Days like today, I question many things, the psyche (and mystery) of people we meet along the way. In the same breath I count my blessings, and there are many. When I was in her room earlier, after my own ranting, Juliana tells me about little pockets of school life as she finds it now. I am grateful for moments like this, and there are many — moments when I pad wearily across the hallway from my room to hers. Just to talk. To have someone listen without being judged. To have someone to learn from, because yes, I do learn quite a lot from her fresh perspective on things. Also, maybe I like her room so much because it feels like another refuge. I love that I can close my eyes as I sit on her sofa and feel young again in a space that effortlessly breathes it, as I listen to music I do not recognize, to find out that The Weekend is a singer/songwriter and not just Saturday or Sunday; to listen to teenage life and be reminded of my own, how many things have changed and how many have stayed the same. It is invigorating, and does much to peel off that week’s worth of accumulated debris of weariness that has made me feel like a thousand years older than I actually am. Once very recently we went to Lusso in Greenbelt 5, because she was hungry from school, and I had one of my happiest and lightest random afternoons, in that beautiful space that reminds me of a giant jewelry box. We ate fat and butter guiltlessly, and were all the happier for it. She is funny, in a way that reminds me happily of the resident funniness of my own mother. Well, she is, after all, named after Mommy: Juliana to my mom’s Julia. We ate, we talked, we laughed, doing that on repeat for the whole stretch of the afternoon. It was very nice.

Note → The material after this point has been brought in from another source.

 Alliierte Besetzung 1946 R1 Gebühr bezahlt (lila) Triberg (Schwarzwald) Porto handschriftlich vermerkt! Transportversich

I think now about how I am not a Tiger Mom by any real measure, something I questioned myself for several times in the past and, at one point, even felt guilty about. There are so many articles that say a mother should be this or that for a child to be truly ahead of the pack when the time is right. I feel, though (and this is just me, no offense meant to other mothers who think otherwise), that more than being The Best now it is equally important for any child to be happy growing up, to be able to develop all her other gifts and pursue her own dreams far away from the shadows of her own mother’s dreams for her. In the grander scheme of things, maybe one day the world will gently agree that it is achievement enough for any one person to, in a world full of contradictions and great expectations, bloom into the person God designed her to be, whatever that is, sans all the trappings of the “shoulds” and “have tos” that human beings in a cutthroat world roll out as musts.

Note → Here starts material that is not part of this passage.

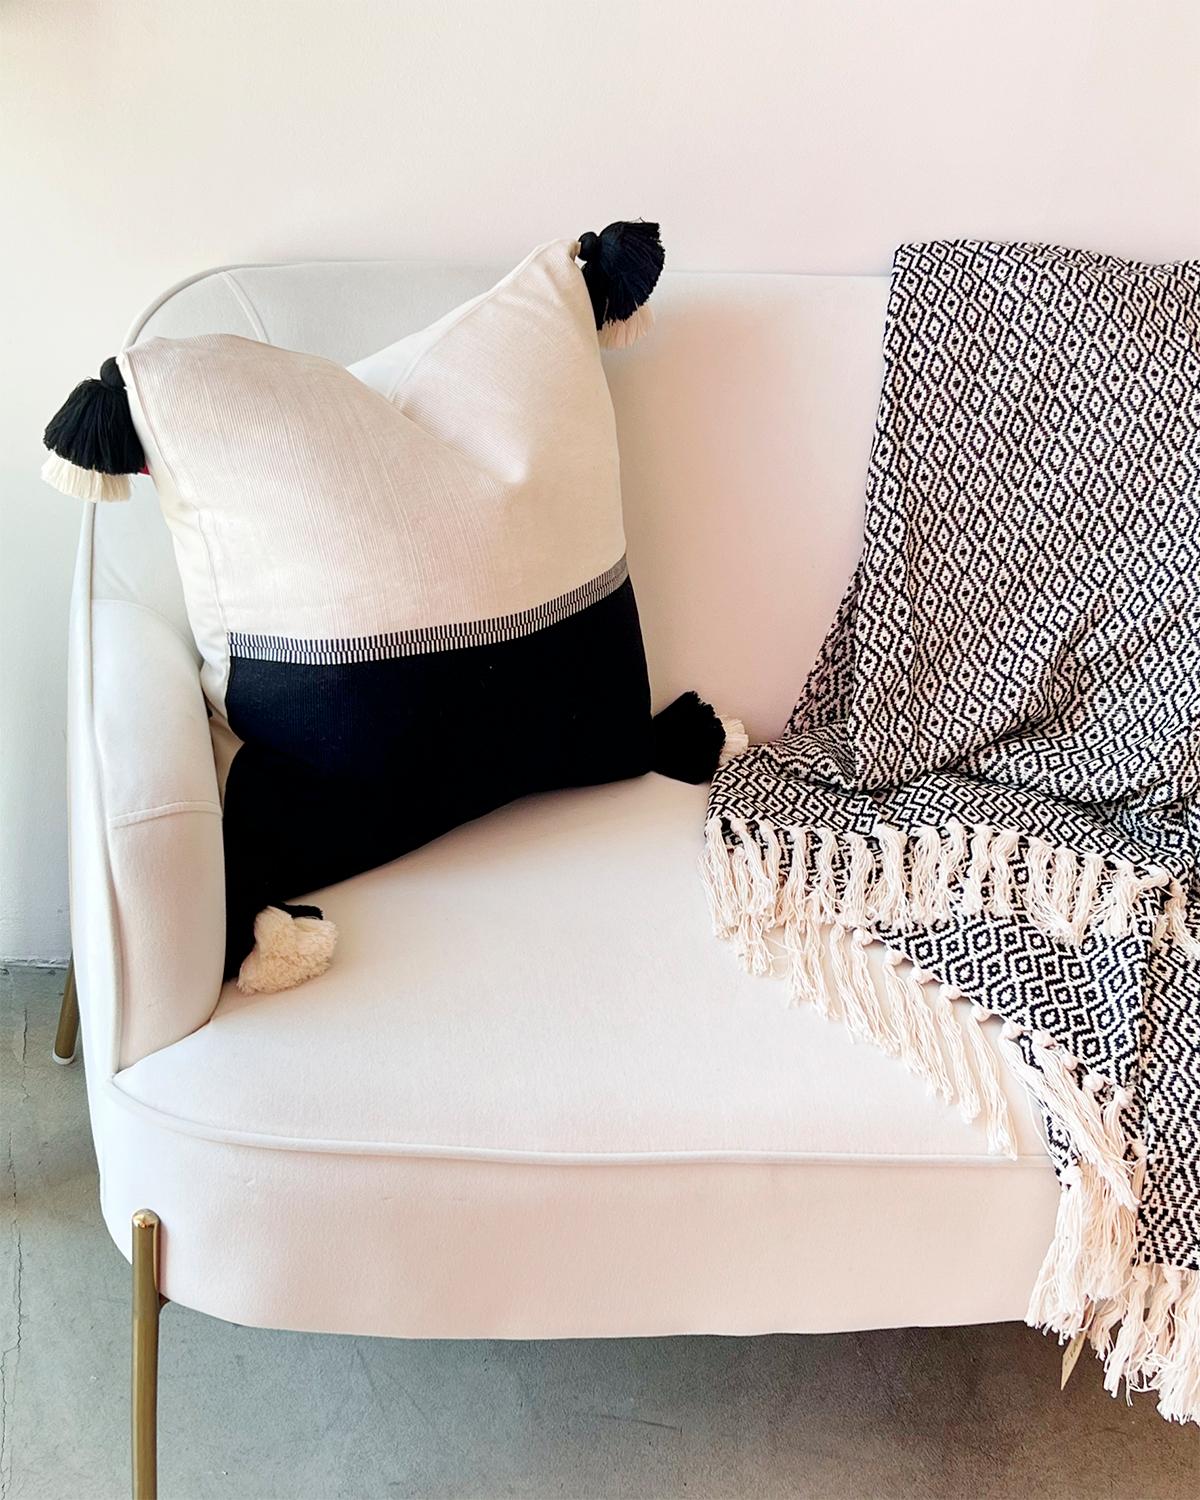 Dieses schwarz-weiße Lendenschurzkissen wurde in Peru aus 100% Pima-Baumwolle handgewebt. Das richtige Kissen für die Couch in Ihrem Wohnzimmer oder das Bett in Ihrem Schlafzimmer zu finden, kann schwierig sein, aber wir haben eine skurrile Lösung

Even as I miss that age when she was tiny still, totally dependent on me and her daddy, that age when she once tenderly told me “Mama, I wish I met you already when you were also a little girl, so we could be playmates and best friends,” I love that she is a 16-year-old now: funny, thoughtful, with a kind of strength and courage that I sometimes wish I also had, even if the same were to be dispensed strategically only on days when I need it most. She is less emotional, and more objective than I am, something she got from her dad, maybe. I love that she tells me about poke bowls and grains, teaches me about squats and leg exercises, walks into my room in the middle of the night in her sleep shirt and my highest heels, because she saw them and wanted to see if she could run in them: youth. When I am old and gray, I will remember all the times we raided the ref together in the middle of the night, how we borrow each other’s clothes and shoes, the way she polices what I wear when I am too tired to care, the way she checks on me when I am away. “Is your flight on time, Mama?” “Will Dad be with you?” “Is that place safe?” “Have you eaten?” Really, it’s the little things.

I am endlessly thankful, too, for days like today when being a mother, and having a child like my Juliana, feels like the only thing right in a day (half) full of woes.